この二重の円形は日輪を描いた作品、たとえば「朝のはぢまり」という作品にも使いまわされていきます。

「猫」(左側)という1963年の作品です。展示室の壁一面に、このような猫の作品がずらりと展示されていました。私のような熊谷のファンでない者にとっては、少し辟易させられるほどで、以前に高島野十郎の展覧会で蝋燭の絵ばかり並んでいたときには、これほど辟易させられることはなかったのですが、退屈を覚え始めたのは私の熊谷の作品に対する相性が悪いせいかもしれません。しかし、前に述べたように、ここに熊谷の自閉とか停滞とかいったことを感じているせいもあると思います。これは人によって好みが分かれるところだと思います。この作品では、20年以上前のスケッチを基に、幾何学的なルールに従って再構成されているそうです。首の線、両目の線、畳の線、背中の三角模様の線など、多くの直線要素が、画面の四隅を結ぶ対角線と同じ角度に揃えられているといいます。そういう工夫が施されていて、そうですか、感心するかもしれませんが、だからどうしたの?ということなのです。何のために、どのような効果を考えてということ、つまり、この画面をどうしようとしているのかということが見えなくて、そういう手先の細工が目に付いてしまうのです。それは「三毛猫」(右側)という、ほとんど同じ形の猫の作品と比べて見て、この「猫」という作品が幾何学的な画面構成をしていることによって、違いが際立つかというと、両作品を同じように見てしまっているのです。その違いというのは、熊谷の熱狂的な愛好者や研究者の話題づくり程度の効果しかないのではないかと詮索したくなります。

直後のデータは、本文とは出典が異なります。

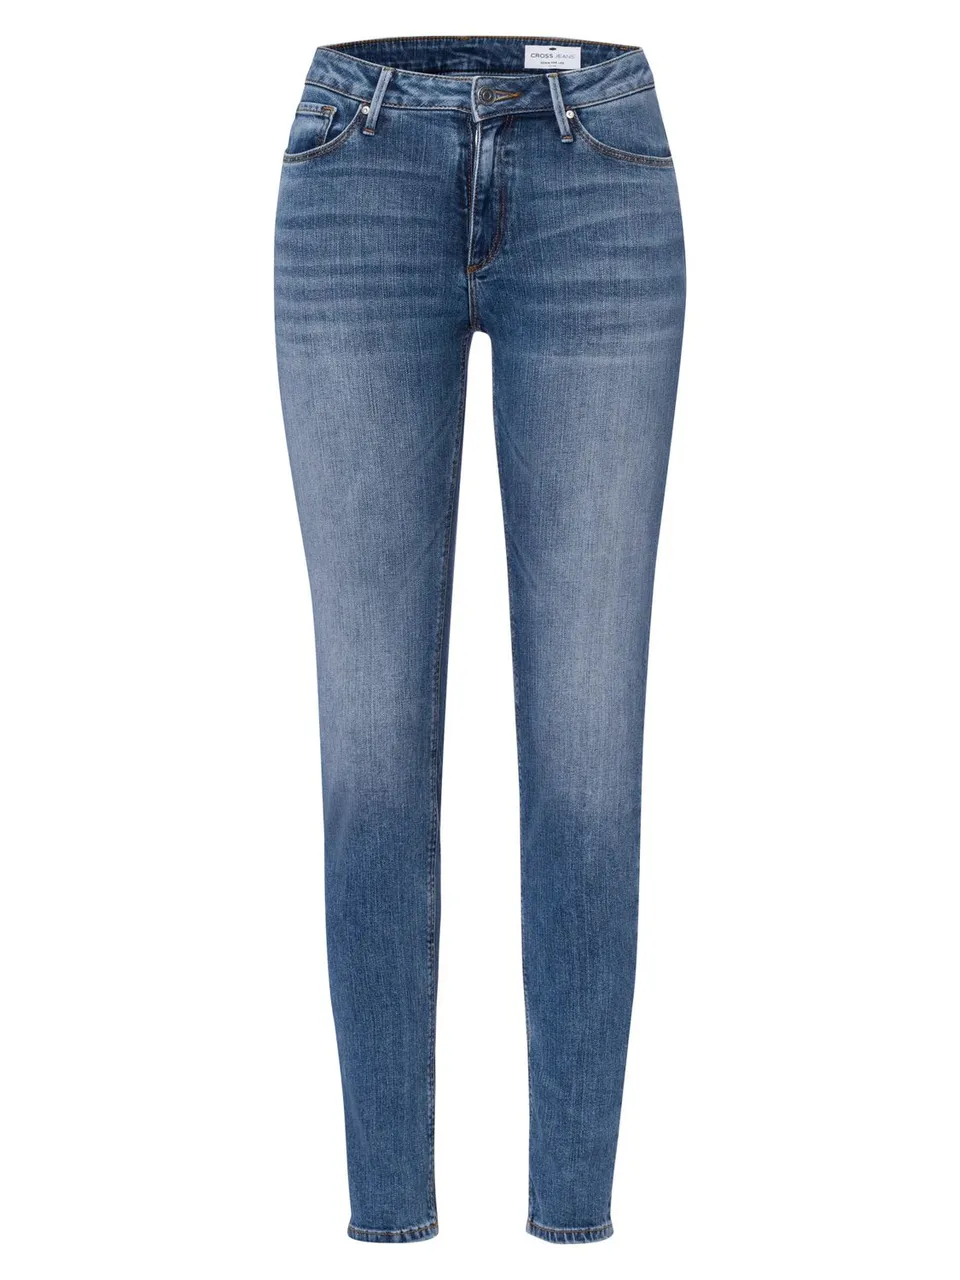 Cross Jeans Damen Jeans ALAN - Skinny Fit - Blau - Sea Blue Washed
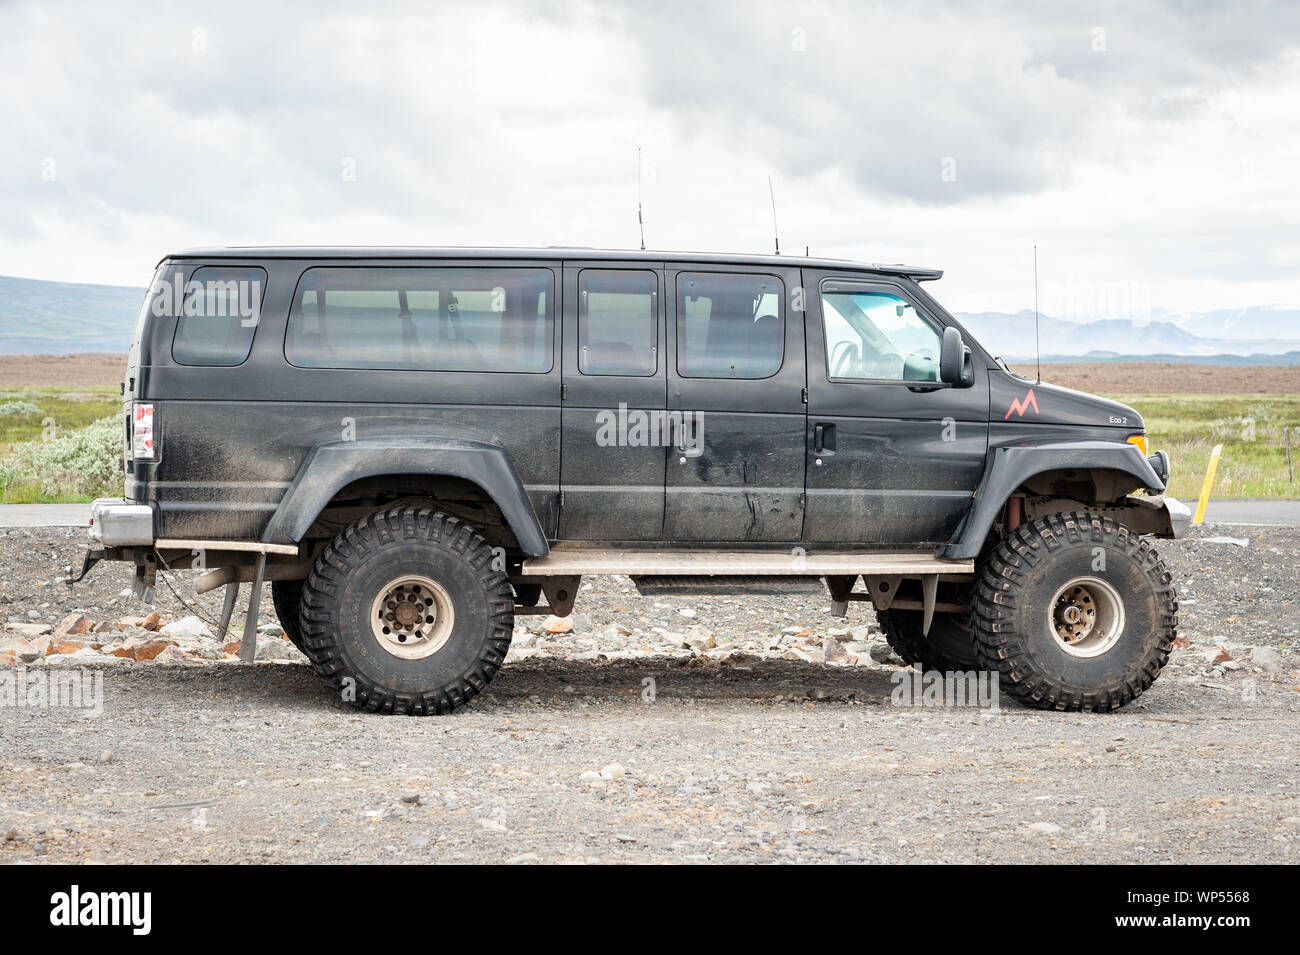 Super Jeep, Island Stockfotografie - Alamy

1965年の「猫」(左側)という作品は展覧会チラシでも使われていた作品ですが、「白猫」(右側)という1962年の作品の左右反転のようにも見えてきます。

1960年以降の作品は、形の簡素化はさらに進んでいったように見えます。しかし、それが抽象的になったとは見えません。では具象と言えるかというと、対象を写すことをやめているので何とも言えません。また、記号として操作のツールにしているかというと、その形は記号のような自明性、つまり、誰が見ても、記号が表わしているものが分かるということにもなっていないのです。例えば「瓜」という作品。形は楕円で、色も実際の瓜の色を考慮せずに個々の瓜の色を塗り分けている作品です。これが瓜であると分かるのは、題名が瓜だからです。また、「はぜ紅葉」という作品では、鳥のまわりに赤や橙、そして緑の平面を配置して、この題名から紅葉であることを想像することになりますが、この鳥の周囲を紅葉した葉と見るのは、そう言われないと分かりません。しかし、この作品は、おそらくその風景を想像させる作品であるということなのでしょう。似たような作品に「若葉」というのもあります。

「揚羽蝶と百日草」という作品。1950年代の「鬼百合と揚羽蝶」の蝶は単純化されて図案のように、それなりに洗練されていましたが、この作品の揚羽蝶は、そういう洗練とは違う、画面に動きを作るような効果を計算したということもない。こういうのをヘタウマと評したらいいのでしょうか。落語家の5代目古今亭志ん生が晩年に、高座で居眠りを始めたのを観客が芸だと持てはやしたのと同じような味わいというものでしょうか。「泉」という作品などは、一見深遠に見えたりしますが、そういう周囲の人たちがもてはやして、それらしい体裁を保っていると、私には見えます。

というわけで、熊谷守一というブランドイメージに沿ったような作品には、もともと魅かれていなかったので、否定的なコメントを重ねることになってしまいました。私の偏見であることは否定しません。この展覧会では、その偏見を引っくり返すことはできませんでした。ただし、熊谷の絵画について、それなりのストーリーを持てたこと、この展覧会の収穫であったと思います。